When his motion calling for elected members to be allowed to take their seats in Dáil Éireann if and when the controversial Oath of Allegiance is removed fails to pass at the Sinn Féin Ardfheis in 1926, Éamon de Valera resigns from the presidency of the party and, with Seán Lemass, Constance Markievicz, and others, forms a new party, Fianna Fáil (The Warriors of Destiny), a party that is to dominate 20th-century Irish politics. The party adopts its name on April 2 of the same year.

Though the new party is also opposed to the Treaty settlement, it adopts a different approach of aiming to make the Irish Free State a republic. Fianna Fáil’s platform of economic autarky has appeal among the farmers, working-class people, and the poor, whilst alienating more affluent classes.
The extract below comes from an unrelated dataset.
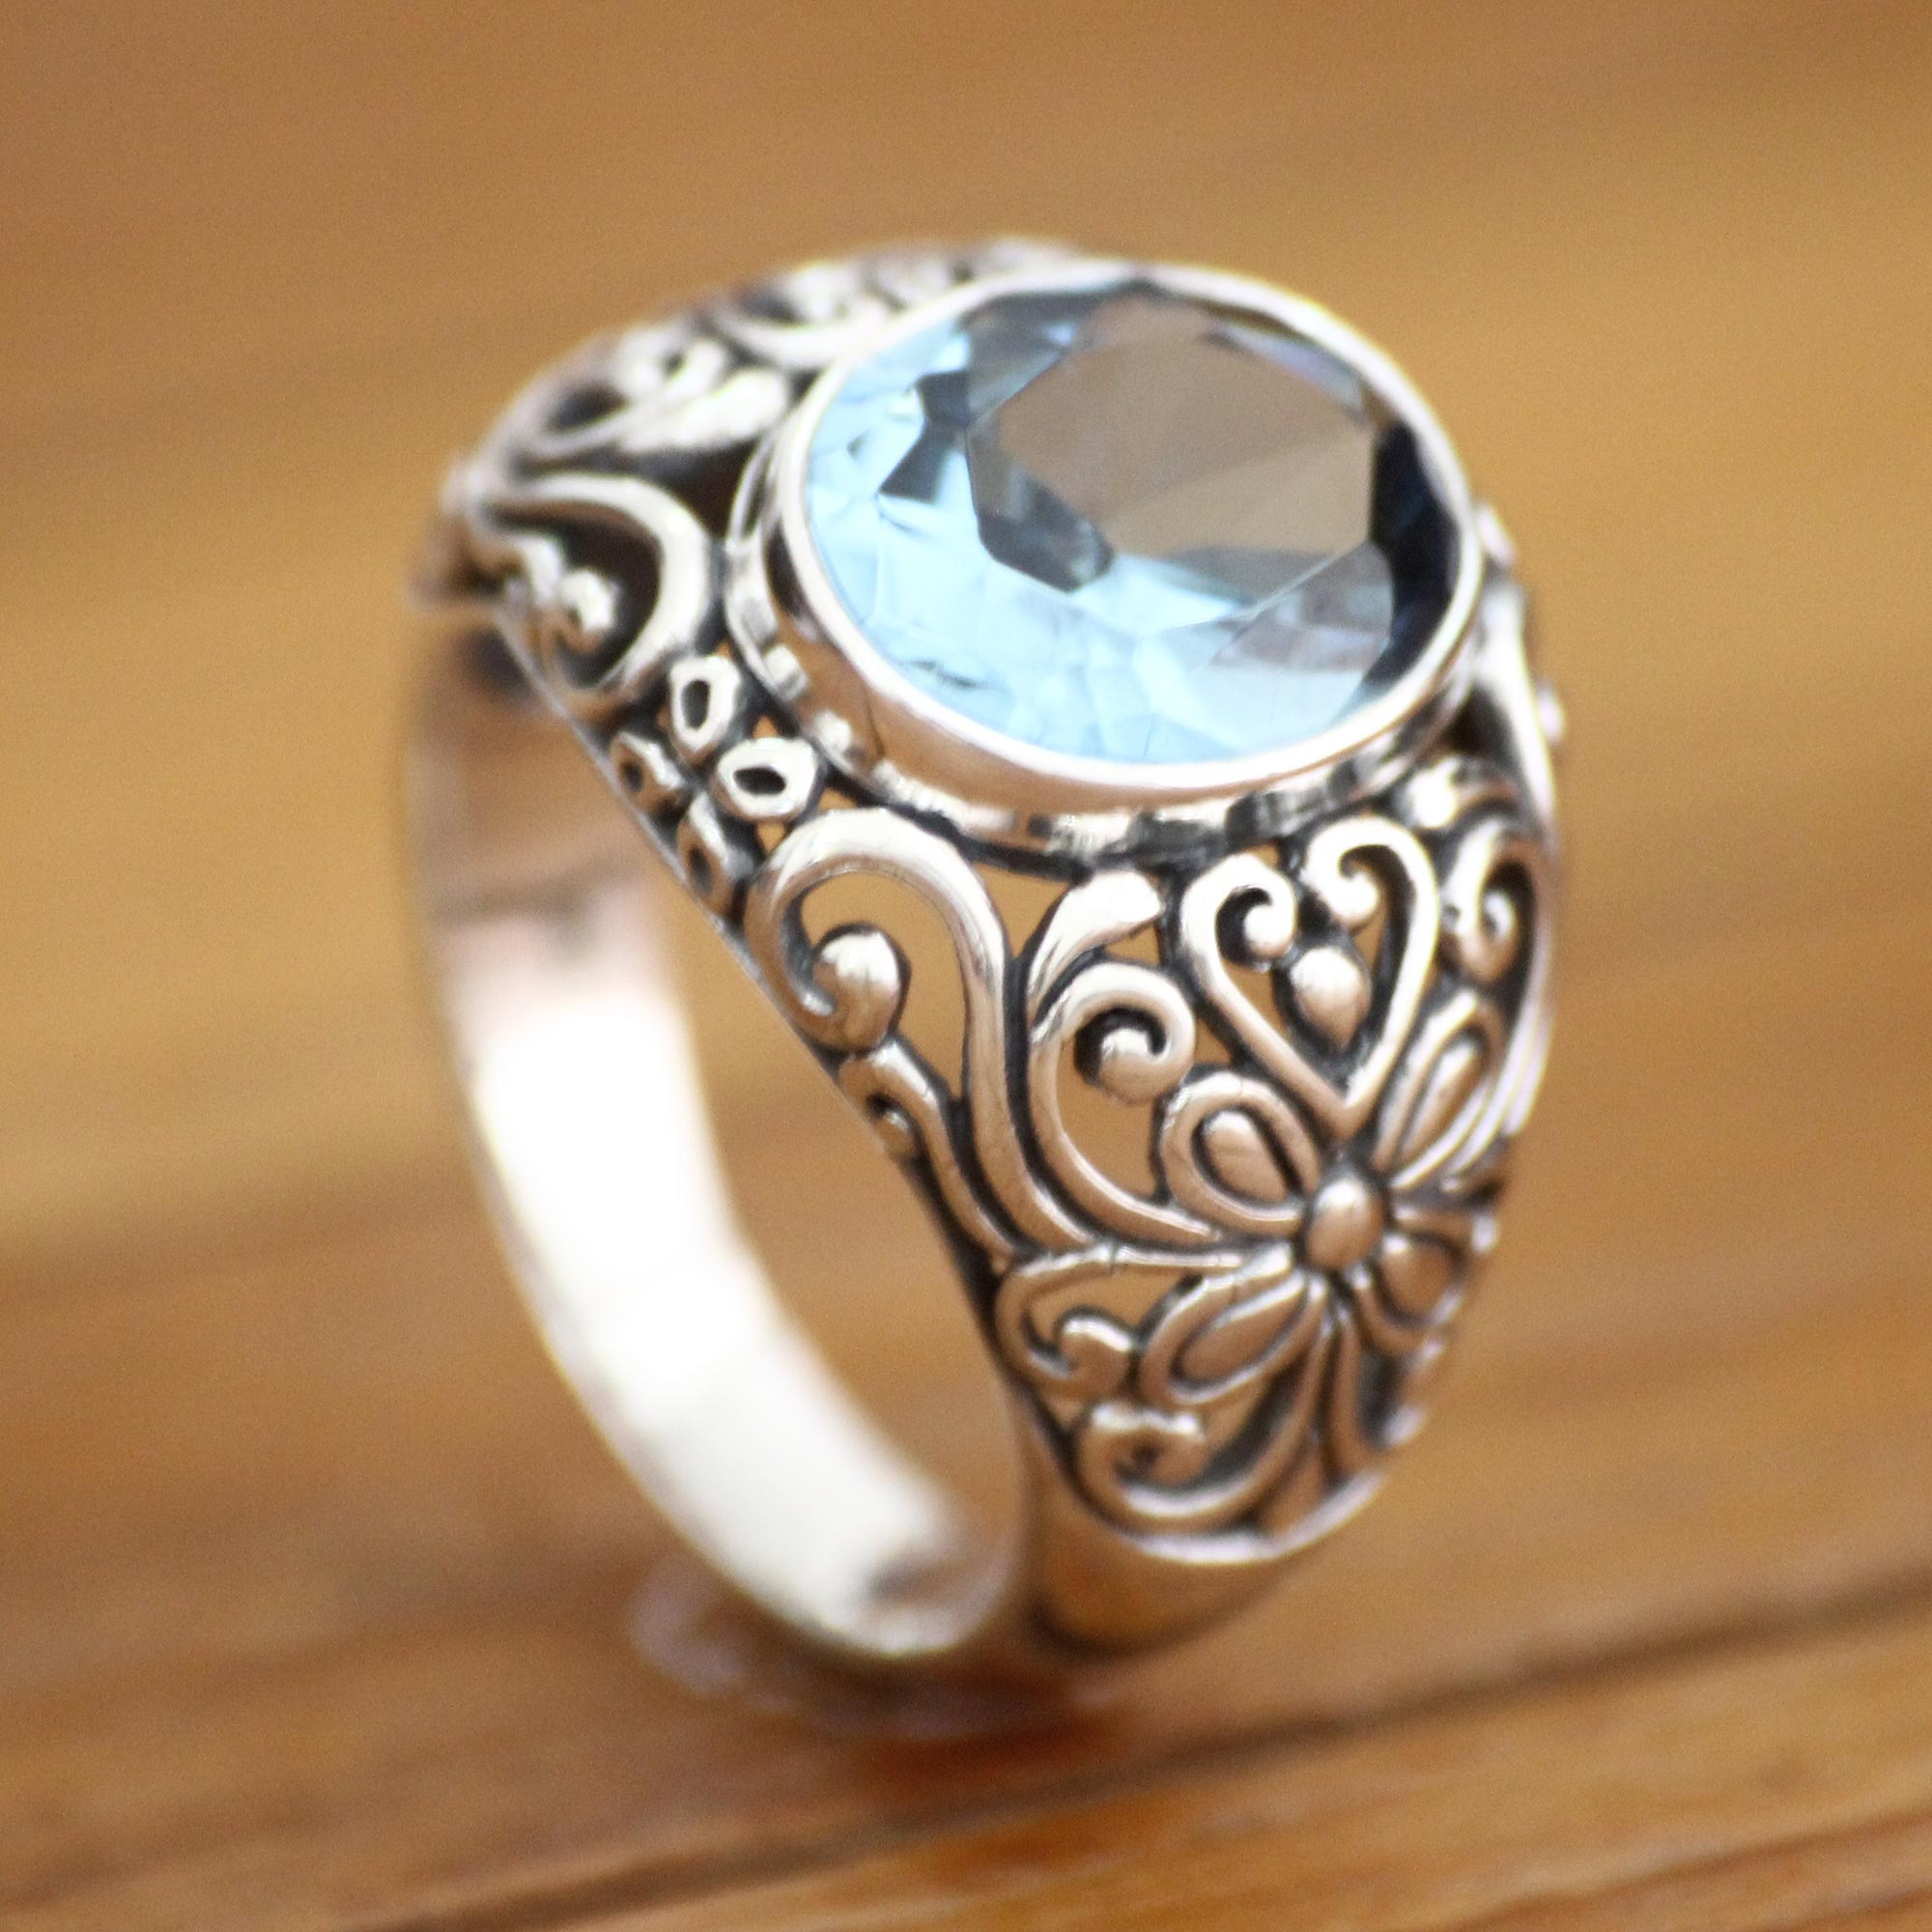 Handmade Sterling Silver and Blue Topaz Cocktail Ring - Mythical

From the formation of the first Fianna Fáil government on March 9, 1932, until the election of 2011, the party is in power for 61 of 79 years. Its longest continuous period in office is 15 years and 11 months (March 1932 – February 1948). Its single longest period out of office in the 20th century, is four years and four months (March 1973 – July 1977). Seven of the party’s eight leaders, including de Valera, serve as Taoiseach.

Fianna Fáil joins the Alliance of Liberals and Democrats for Europe (ALDE) party on April 16, 2009, and the party’s Members of the European Parliament (MEPs) sit in the ALDE Group during the 7th European Parliament term from June 2009 until 1 July 1, 2014. The party is an observer affiliate of the Liberal International.

It is the largest party in the Dáil at every general election from the 1932 general election until the 2011 general election, when it suffers the worst defeat of a sitting government in the history of the Irish state. This loss is described as “historic” in its proportions, and “unthinkable.” The party moves from being the largest party to the third-largest party in the Dáil.